I've grown to hate this sentence.
I believe it's totally the wrong approach, and on top of that, it's damn smug.
Yes, it's true, a lot of great comics don't sell very well. It's equally true that a lot of not very great comics sell very well indeed. If you look at the 'buzz' on the net, it's darn near an axiom that the comics the internet claims to adore are at the bottom of the Top 100 charts, if they appear on that chart at all.
Almost every writer, even the elite of the elite, has had a personal project, a book they really believed in, tank hugely. These may be mere blips in their career, but they're significant blips. What they say is, no one is failure-proof, in commercial terms. And make no mistake, some of these ARE great books, worthy of much higher sales.
So when a good book tanks, it's inevitable that a well-intentioned pro (or reader) will say, in exasperation, "Why aren't you buying this book?"
Some will shout it, some will whisper, some will write in in blood from their own scalp in letters ten feet high. And I wince a little, every time I see it.
First, I've usually been a manager or business owner. I've had employees, and my thinking was always if they screwed up, ultimately, it was my fault. Either they weren't trained properly, or they weren't overseen with enough zeal, or they were improperly motivated, or they shouldn't have been hired in the first place. They may have gotten a talking to, but I got the blame, and deservedly so. Now why, in a sales environment, would a mistake that ultimately was MY fault, be blamed on the customer?
The answer is, it shouldn't. If we didn't sell, if we didn't close a deal, it's easy to blame the customer, but it's also usually wrong. And it's counter-productive in every way that counts.
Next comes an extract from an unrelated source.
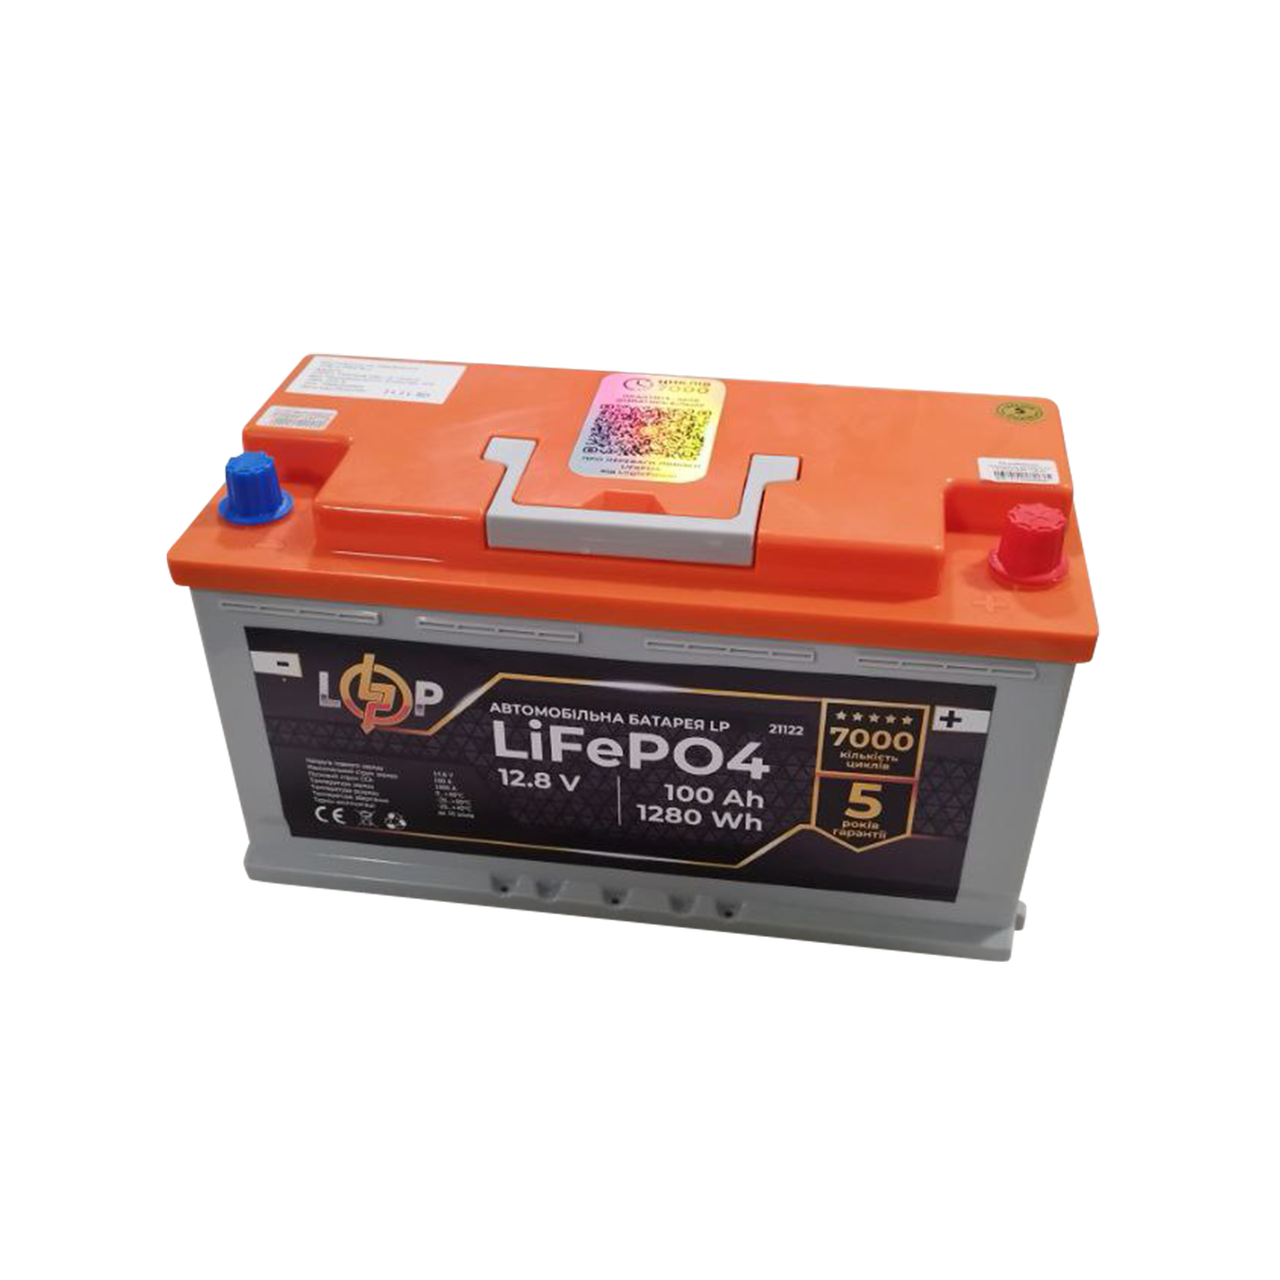 Акумулятор для автомобіля літієвий LP LiFePO4 (+ праворуч) 12,8V - 100 Ah (1280Wh)

Comics readers are a dream prospect, to keep the sales analogy going. They're educated in the product, and they're motivated to purchase. Usually, their desire to buy outstrips their available funds, in fact, and that, my friends, is a great position for a seller (be he or she a retailer, creator, or publisher) to be in. In fact, with the repeated customer (impulse buyers are quite a different issue and not as relevant to this conversation), the interest level is high enough that the main problems are;
1) Competition from other books the customer might like just as much or more, and
2) Enough suitable, profitable venues to supply that customer.
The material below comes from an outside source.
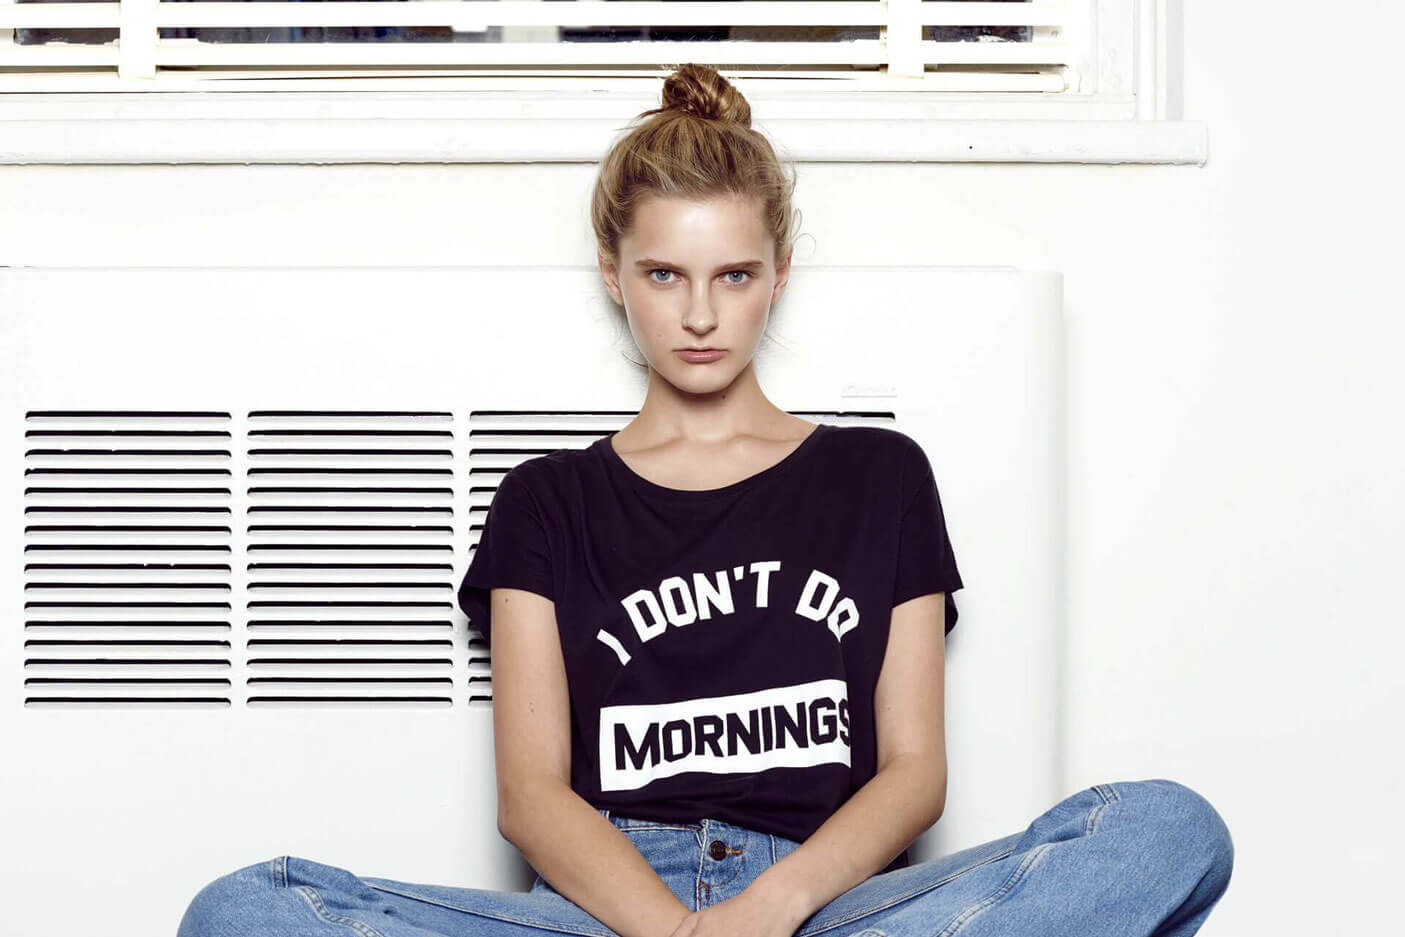 Short-sleeve black 'I Don't Do Mornings' shirt

(Insufficient numbers of readers will be discussed in a bit).
I don't like to think of what I do as a business. I don't obsess over numbers sold, or chart positions, and most pros I know feel the same way. They're writing to tell stories. They draw because they love it.
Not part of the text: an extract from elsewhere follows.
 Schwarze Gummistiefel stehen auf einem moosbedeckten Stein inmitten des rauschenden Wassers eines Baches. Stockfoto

But it is a business, both in real terms (we need publishers and retailers and distributors and all that comes with that just to keep the stories on the shelves) but also in the more abstract way we relate to the readers, the way the stories go from our brains to those of our audience. We want our work seen, and usually, by as many people as possible.
But if we make a book that isn't appealing enough to be picked up off the shelves...is that really the customer's fault? Is it right to imply that a book's failing is solely because of the readers?
To me, it goes back to that thing, that it's wrong to blame the customer if they don't want your product. This is true both of individual creators and even large publishers, and trying to guilt a reader into buying a book is a bad move because;
1) It rarely works, and
2) It's chicken.
Let's look at number one, first. How many books have had their sales improved by this tactic? Manhunter is one of the PAINFULLY small number of books that have gotten a repreive by word of mouth, Spider-Girl is another. In both cases, however, the grass roots campaigns to save the book were almost uniformly positive. They stressed that readers would ENJOY the books, rather than said, "Why aren't you reading this book? Are you an asshole of some kind? Is your taste so terrible that you can't be reading this book I love?"
You show me an attempt to gain new readers that takes the above tone, and I'll show you a failed attempt to gain new readers.
Time and again, I see well-meaning pros ask this question, unselfishly, with the best of intent, about books they love. And time and again I see a vaguely annoyed and insulted audience clicking off the 'I'll never buy THIS book' on their mental pull charts.
Hmm. 'Mental pull charts.' That is a gross phrase, somehow.
The second bit is more difficult. It's chicken to blame the readers. Readers support books they love. Something in YOUR book didn't hit them hard enough to make them pick it up, or once they read it, to KEEP reading it. Maybe your book is exactly what you meant it to be and changing it would destroy it. Maybe you don't care if it sells even a single copy. There's nothing at all to be ashamed of in either case...in fact, I applaud you. Commercial concerns shouldn't be the be-all and end-all of any artistic endeavor, obviously, and all of us have projects we'd do whether or not anyone bought it once it hit the stands. And not every book is a Wolverine/Spider-man/Batman/Vampirella crossover book, thank God. Some are quiet little books about mouse guards and torso killers and Seattle slackers, beautiful and perfect, and with devoted followings, and critical acclaim and probably great groupies, too.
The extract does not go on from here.